Siempre había sentido curiosidad. Desde que cumplí 18 me llamaban la atención esos lugares misteriosos, iluminados con luces de neón, con vidrieras discretas y carteles insinuantes. Pero no me animaba. No sabía si era vergüenza, miedo o simplemente ese cosquilleo prohibido que a veces se siente en el estómago… o más abajo.
A los 19, un viernes por la tarde —después de semanas de fantasías en mi cabeza— me decidí. Caminé por el centro, fingiendo que iba a cualquier otro lado, pero mis pasos me llevaron derechito a la puerta de aquel sex shop. El corazón me latía fuerte, las piernas un poco temblorosas… y entre mis muslos empezaba a despertarse esa humedad tímida, anticipando lo desconocido.
Empujé la puerta. Sonó una campanita. El local era más grande de lo que esperaba. Las luces tenues, las estanterías llenas de juguetes de todos los tamaños, colores y formas. Perfumes, lubricantes, lencería que me arrancaba suspiros y hasta un rincón de películas. Detrás del mostrador, un chico joven, de sonrisa traviesa, me saludó con naturalidad.

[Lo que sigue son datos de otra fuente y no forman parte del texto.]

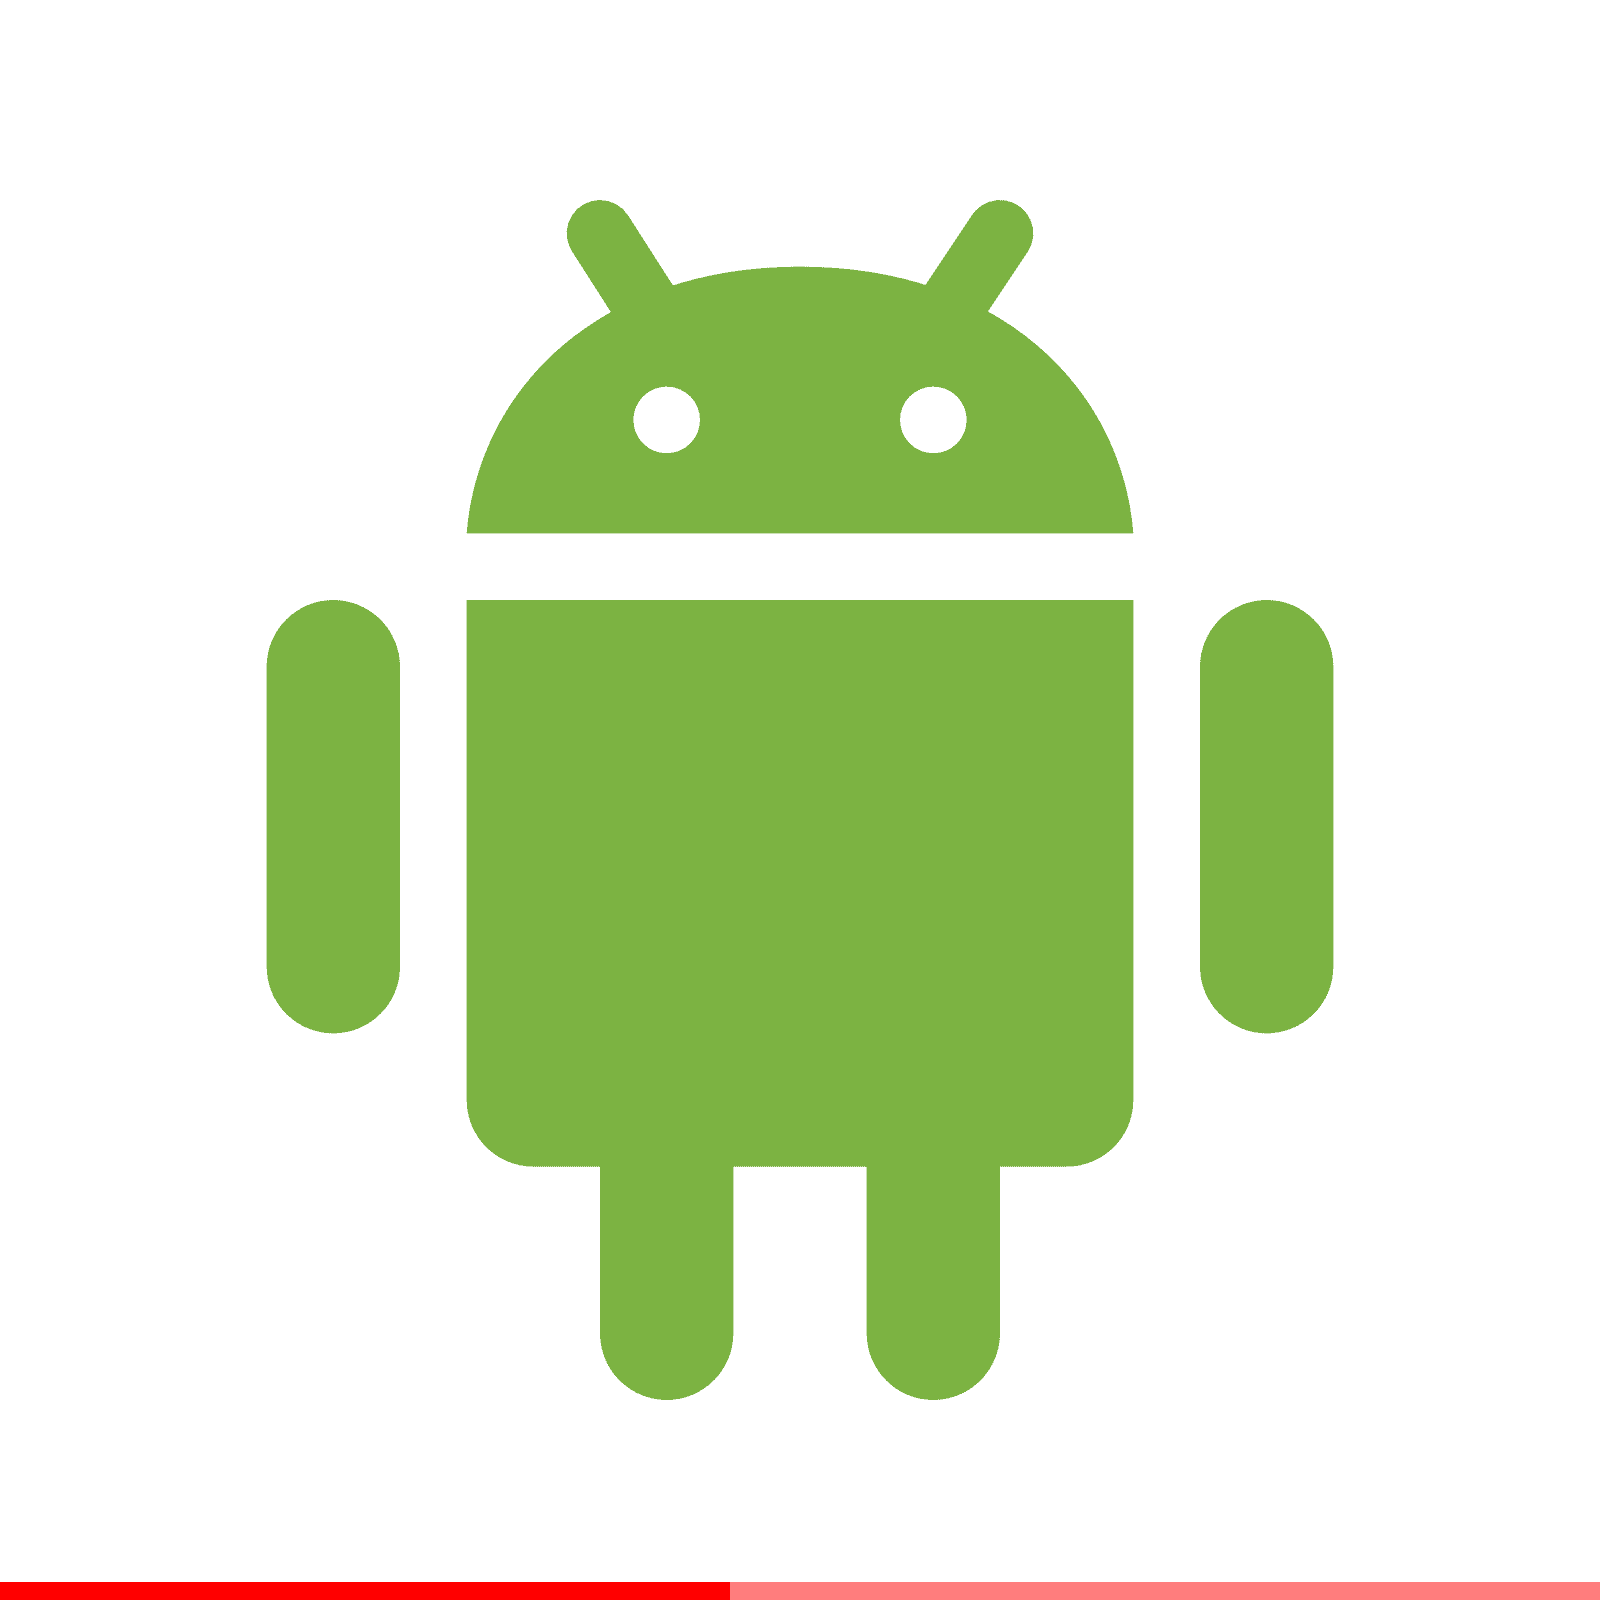 Usando el ProgressBar en Android para indicar procesos de carga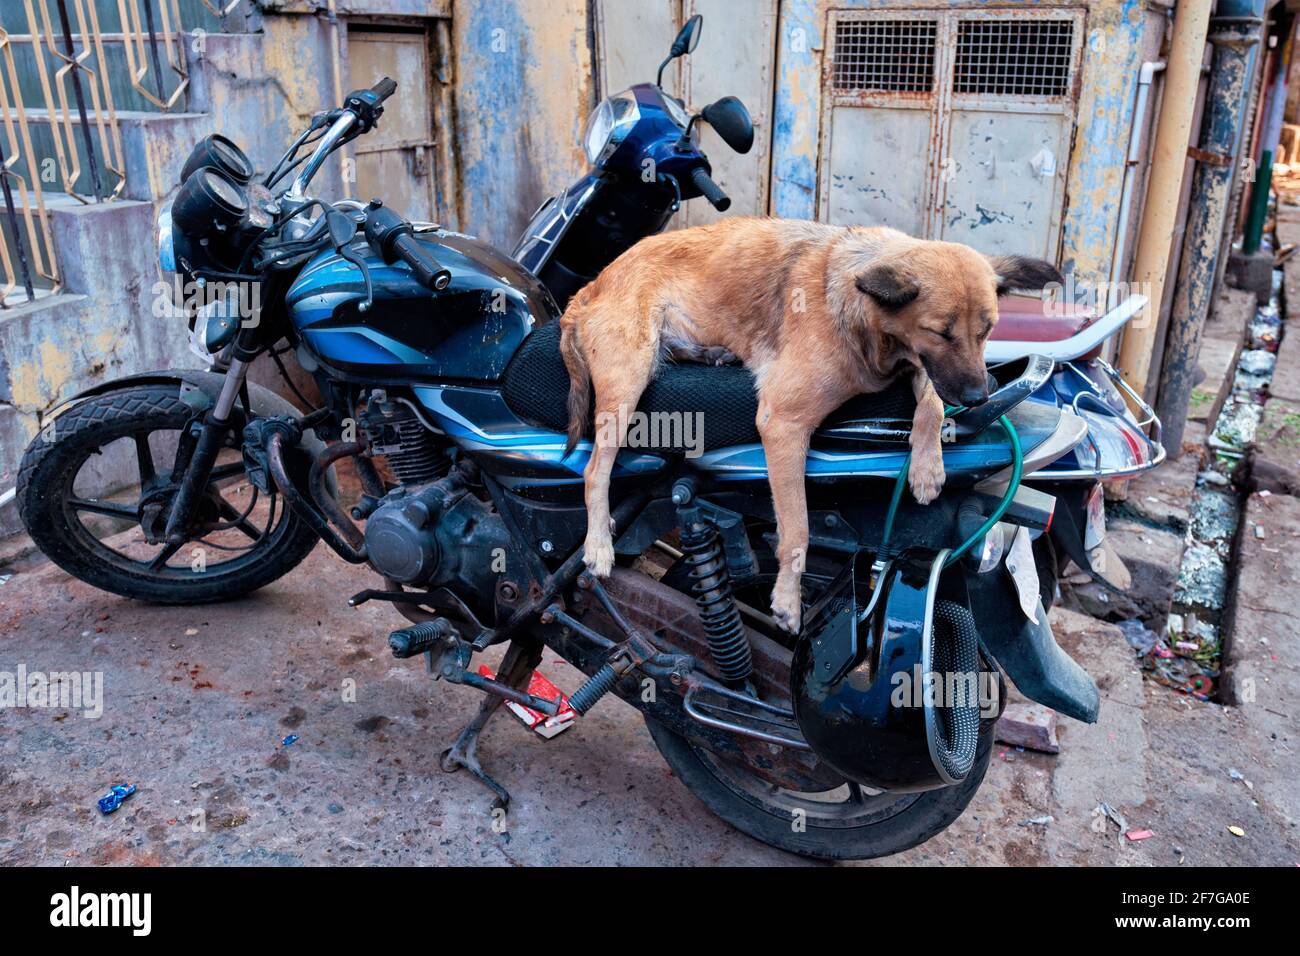 Sleeping Dogs [Español] - Yendo en moto y Arrestando delincuentes

—Primera vez, ¿verdad? —me dijo, y sentí cómo se me encendían las mejillas.
Asentí, nerviosa pero fascinada. Me animé a recorrer los pasillos, acariciando con la yema de los dedos algún que otro envase, leyendo etiquetas en voz bajísima. Pero cuando llegué a la sección de vibradores, algo cambió en mi cuerpo.
Había uno en particular… pequeño, discreto, pero con una forma curva perfecta, diseñado para acariciar justo donde más me gustaba. Lo tomé en mis manos. El simple hecho de imaginarlo dentro mío hizo que un escalofrío caliente recorriera mi espalda y bajara hasta humedecerme la ropa interior.
El chico se acercó por detrás, notando mi expresión.
—Ese es ideal para empezar… silencioso, potente, y con varios modos de vibración —me susurró casi al oído.
Su voz grave me hizo cerrar los ojos por un instante. No me había tocado, pero su cercanía, sumada a la atmósfera cargada de deseo, me tenían completamente excitada. Notaba mis pezones duros debajo de la camiseta, y entre mis piernas… estaba empapada.
Seguí recorriendo, probando algunas texturas de aceites, dejándome envolver por los aromas dulces y afrodisíacos. Mi mente ya no estaba en el local. Estaba en mi cama, desnuda, usando ese juguete, deslizándolo lentamente por mi clítoris hinchado, dejándome llevar hasta perder el control.
Sentí un cosquilleo traicionero en mis muslos. Estaba tan mojada que tenía miedo de haber dejado marca en mis jeans ajustados. Me mordí el labio. Nunca había sentido un deseo tan puro, tan salvaje, en un lugar público.
Compré el vibrador —y un lubricante de frutilla que prometía sensaciones cálidas— y me fui caminando rápido, pero con una sonrisa indecente dibujada en los labios.
Apenas crucé la puerta del sex shop, supe que mi vida sexual había cambiado para siempre. Salí mojada. Literal. Caliente. Y con unas ganas irrefrenables de llegar a casa y explorar cada rincón de mi cuerpo… de todas las maneras que hasta ese día solo había soñado.